• [Data under study]:
Segment Open

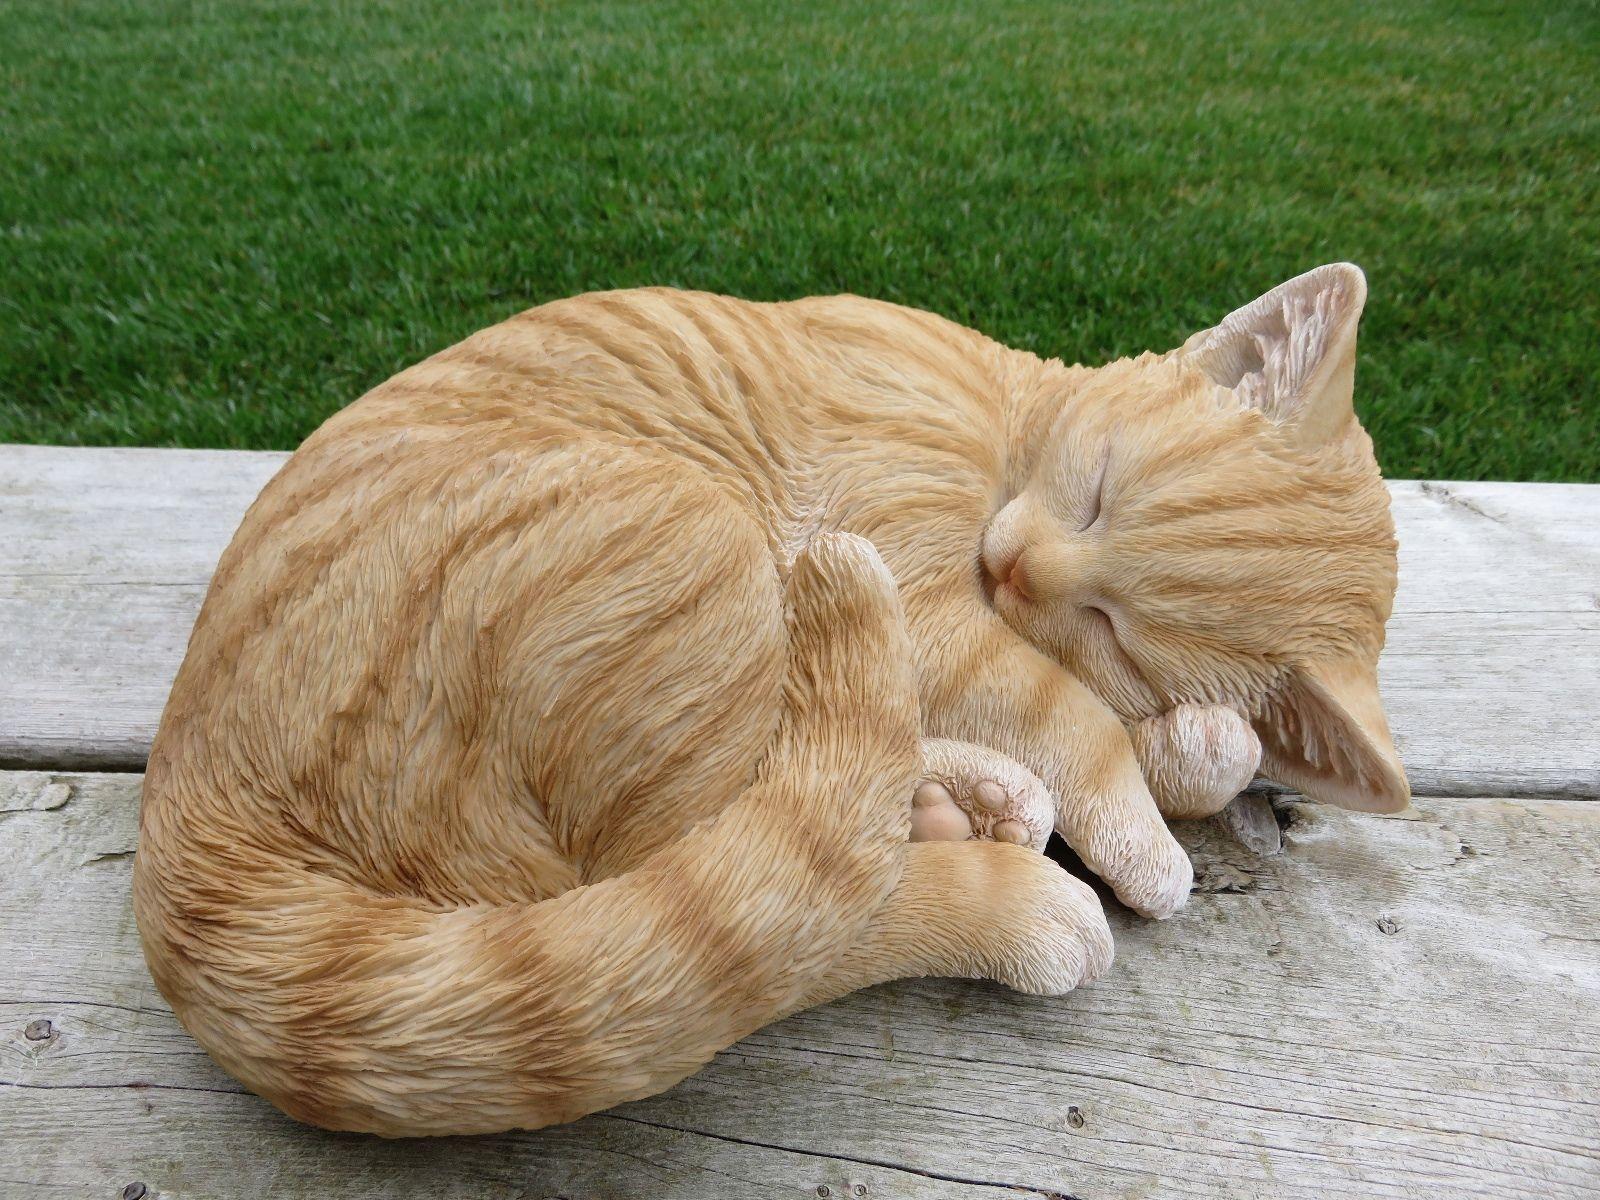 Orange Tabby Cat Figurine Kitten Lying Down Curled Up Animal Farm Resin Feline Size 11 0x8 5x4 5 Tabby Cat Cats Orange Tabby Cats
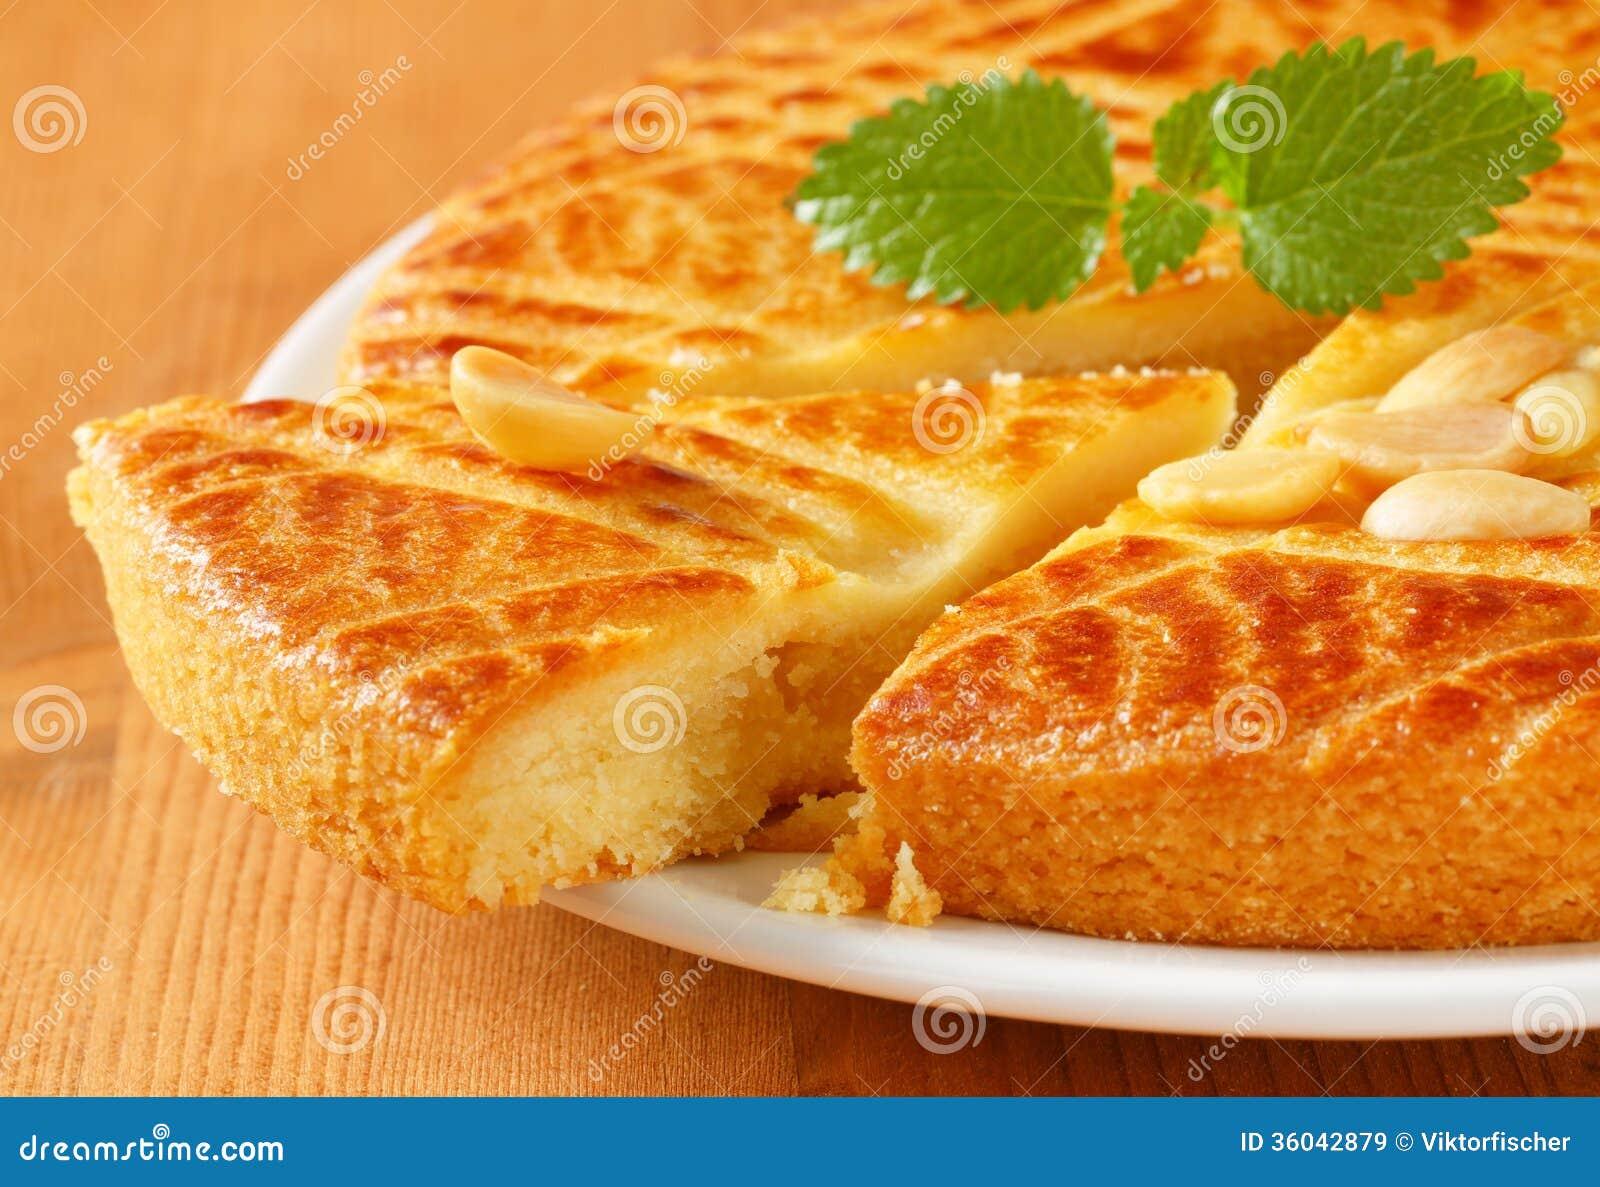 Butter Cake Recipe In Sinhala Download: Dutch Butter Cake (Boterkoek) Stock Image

Segment Closed
Segment Open

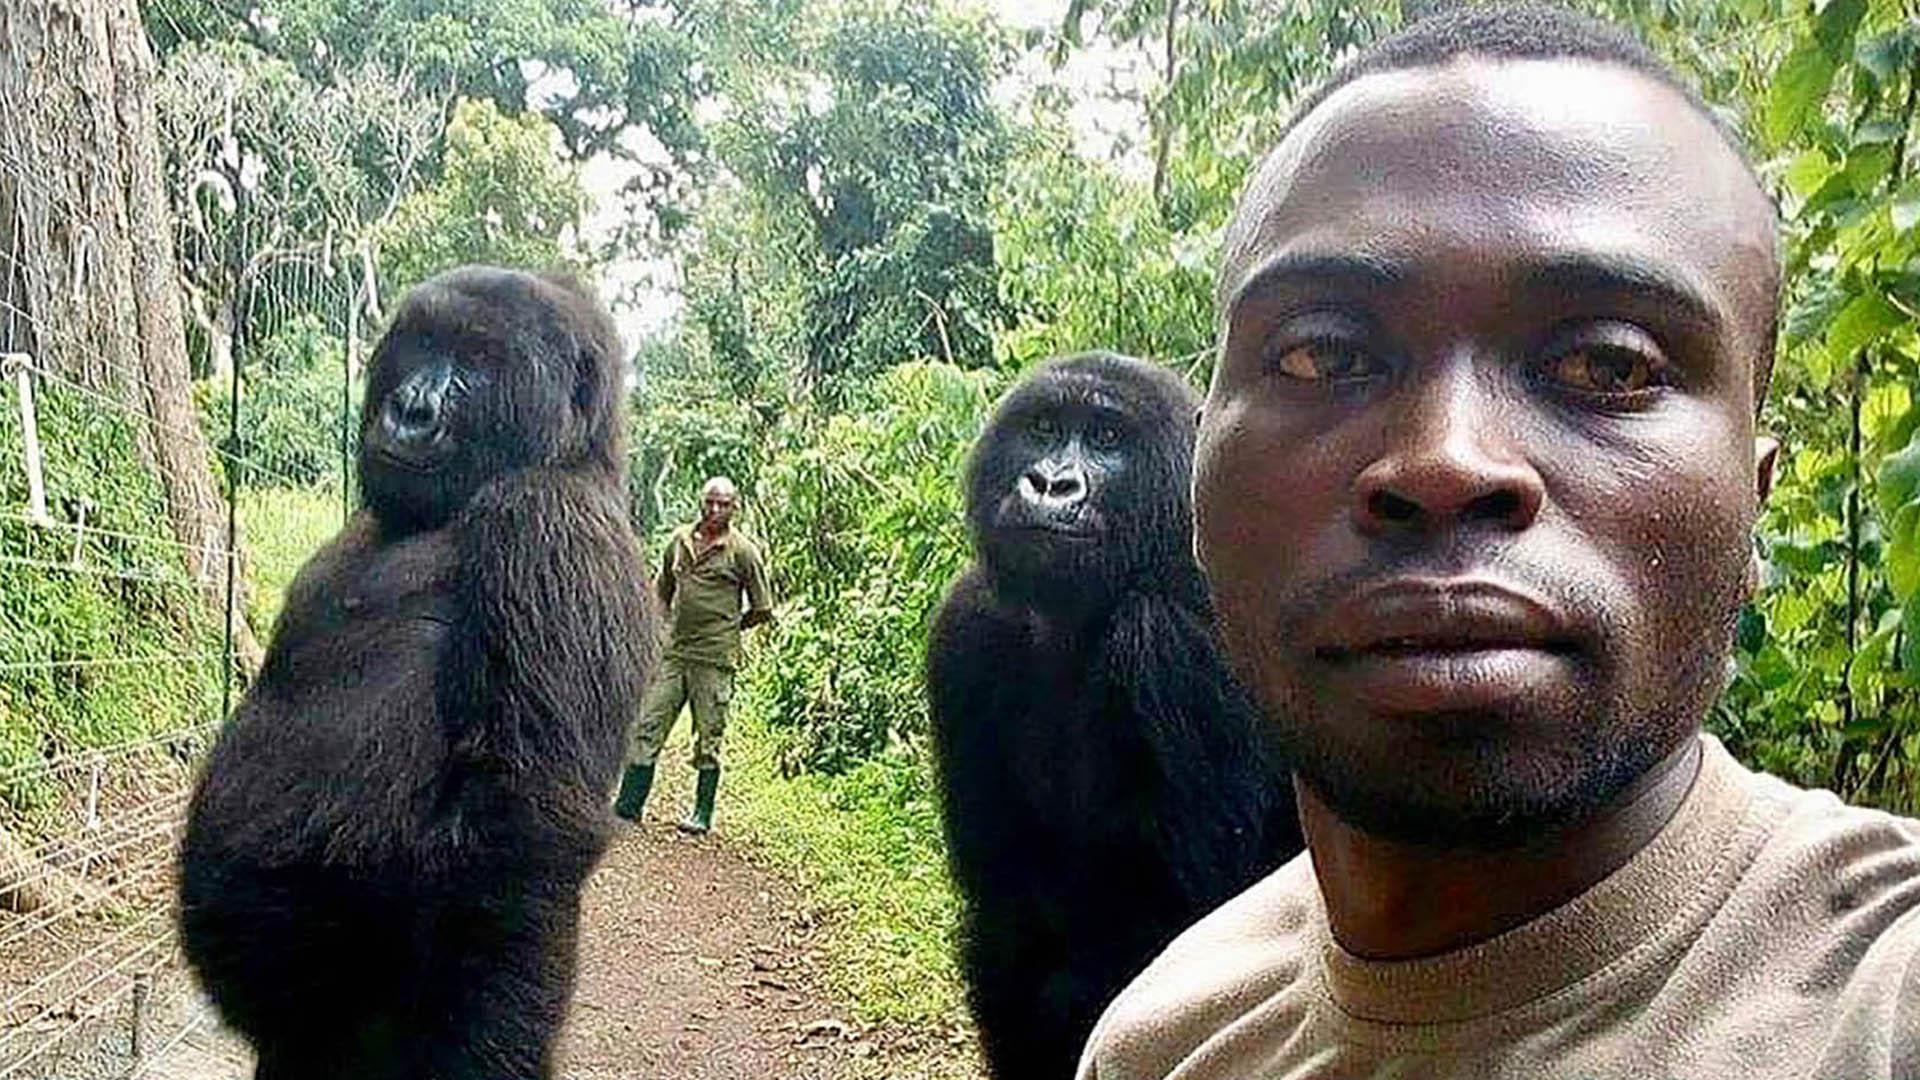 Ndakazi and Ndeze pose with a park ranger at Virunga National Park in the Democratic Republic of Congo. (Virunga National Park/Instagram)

Segment Closed

• [What is being asked]: Set down again, word for word, every line from the one with "Orange Tabby Cat Figurine" to the one with "Butter Cake Recipe" in the entries above, and omit the pictures.

• [Answer for this exercise]:
 Orange Tabby Cat Figurine Kitten Lying Down Curled Up Animal Farm Resin Feline Size 11 0x8 5x4 5 Tabby Cat Cats Orange Tabby Cats
 Butter Cake Recipe In Sinhala Download: Dutch Butter Cake (Boterkoek) Stock Image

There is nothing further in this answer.